5/21/2026 at 11:58:21 AM

To be frank I didn't know there's such an option :-)

by piotrrojek

5/21/2026 at 1:16:59 PM

In my experience Whisper is several orders of magnitude slower though.

by ranger_danger

5/21/2026 at 7:51:44 AM

Works extremely well. Command to install on Debian 13:

sudo apt update && sudo apt install -y ffmpeg python3-pip python3-venv && git clone https://github.com/kouhxp/yapsnap.git && cd yapsnap && python3 -m venv ~/yapsnap-venv && source ~/yapsnap-venv/bin/activate && pip install --upgrade pip && pip install .

On a 32GB ThinkPad X13, a 21 minute YouTube video was processed by yapsnap under 2 minutes.

Very well done!

by throw98226

5/21/2026 at 1:50:44 PM

thank you!

by mrkn1

5/21/2026 at 8:26:47 AM

Am I a bit thick, but first we created this amazing way to transfer any text very cheaply and fast over network, then we (well, I think it was Meta and Google) decided that no, everything must be a video, then we added subtitles and AI-transcriptions to those videos and now we just dowload transcriptions of those videos presumably to feel LLM to make summaries of them in order to… Read. Them.

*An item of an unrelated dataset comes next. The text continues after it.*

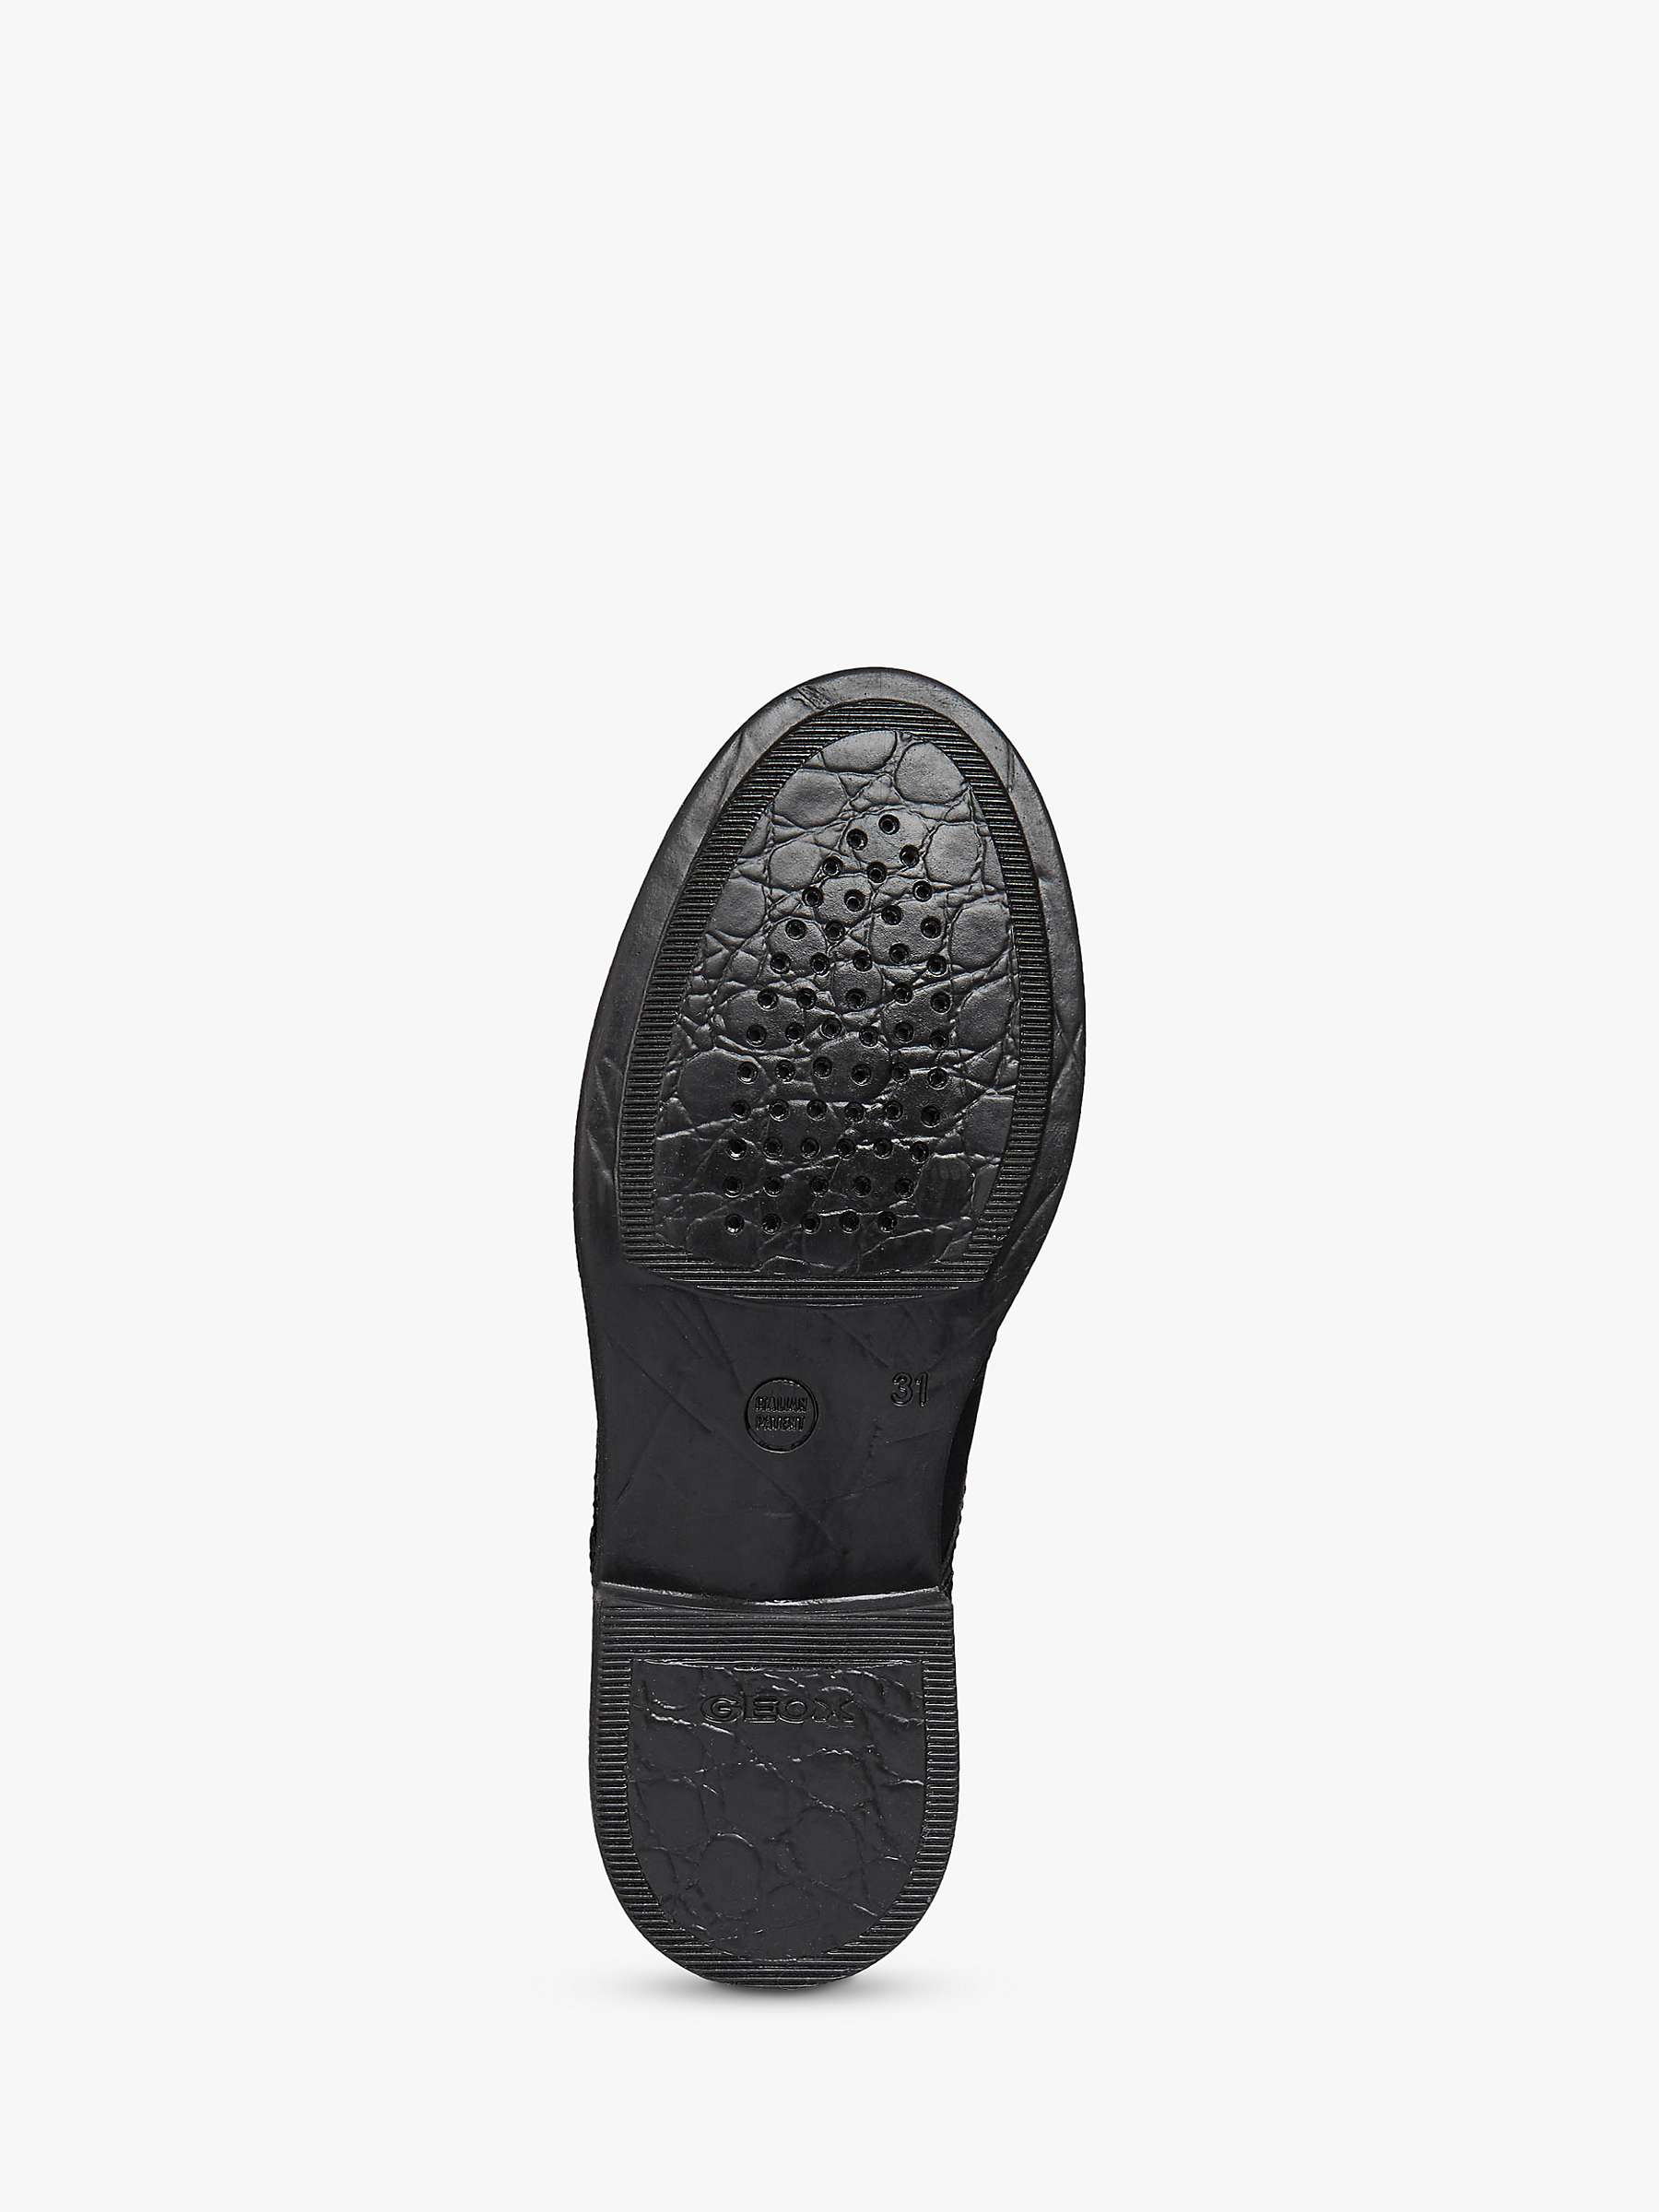 Buy Geox Kids' Agata Leather Brogue School Shoes, Black Online at johnlewis.com

I think I’m gonna go read a book.

by delis-thumbs-7e

5/21/2026 at 1:52:50 PM

Good point! I haven't found a faster way to consume info than reading. But depends on the type of learner you are (visual, auditory, hands-on/interactive, etc)

by mrkn1

5/20/2026 at 11:17:00 PM

So, this project consists of a ~175 line README and a ~500 line Python program that glues yt-dlp and Kroko together. Neat.

I guess if it encourages you to install and figure out how to use ffmpeg, yt-dlp, kroko, numpy, and onnx that's a good thing. Sometimes just knowing a thing is possible is a huge benefit.

by spudlyo

5/21/2026 at 12:14:51 AM

thank you. You nailed the actual value, that's right. The real win is just knowing you can do this on a laptop CPU, offline, no GPU or cloud bill. There are tiny done-for-you details, like rescaling token timestamps back to real time after the atempo speedup so --timestamps doesn't lie to you, but they are minor.

by mrkn1

5/21/2026 at 3:22:42 AM

Why the choice of Kroko over something like parakeet-tdt-0.6b-v3, which is also faster than realtime on CPU?

by mscdex

5/21/2026 at 5:59:24 AM

Kroko models are more accurate and their size is just a hundred megabytes compared to parakeet (2.5 gigabytes in default fp32)

by nshm

5/21/2026 at 6:40:12 AM

Do you have a link to results confirming this? Kroko does not seem to be on the Open ASR Leaderboard. Parakeet has an average WER of 6.32 across several common datasets.

by mscdex

5/21/2026 at 3:17:41 PM

Kroko's website says benchmarks aren't formalized yet. FWIW, this url says 5% WER for English [0]. though it doesn't specify the dataset, so not directly comparable to Parakeet's 6.32 on the Open ASR Leaderboard

Best way to judge is to try it on your own audio

[0] https://huggingface.co/hudaiapa88/sherpa-stt-onnx

by mrkn1

5/21/2026 at 12:51:52 AM

I see the value as a centralized anti-content-blocker.

This repo is now a good way to centralize hacks around the sure-to-come blockers those platforms will add to prevent download.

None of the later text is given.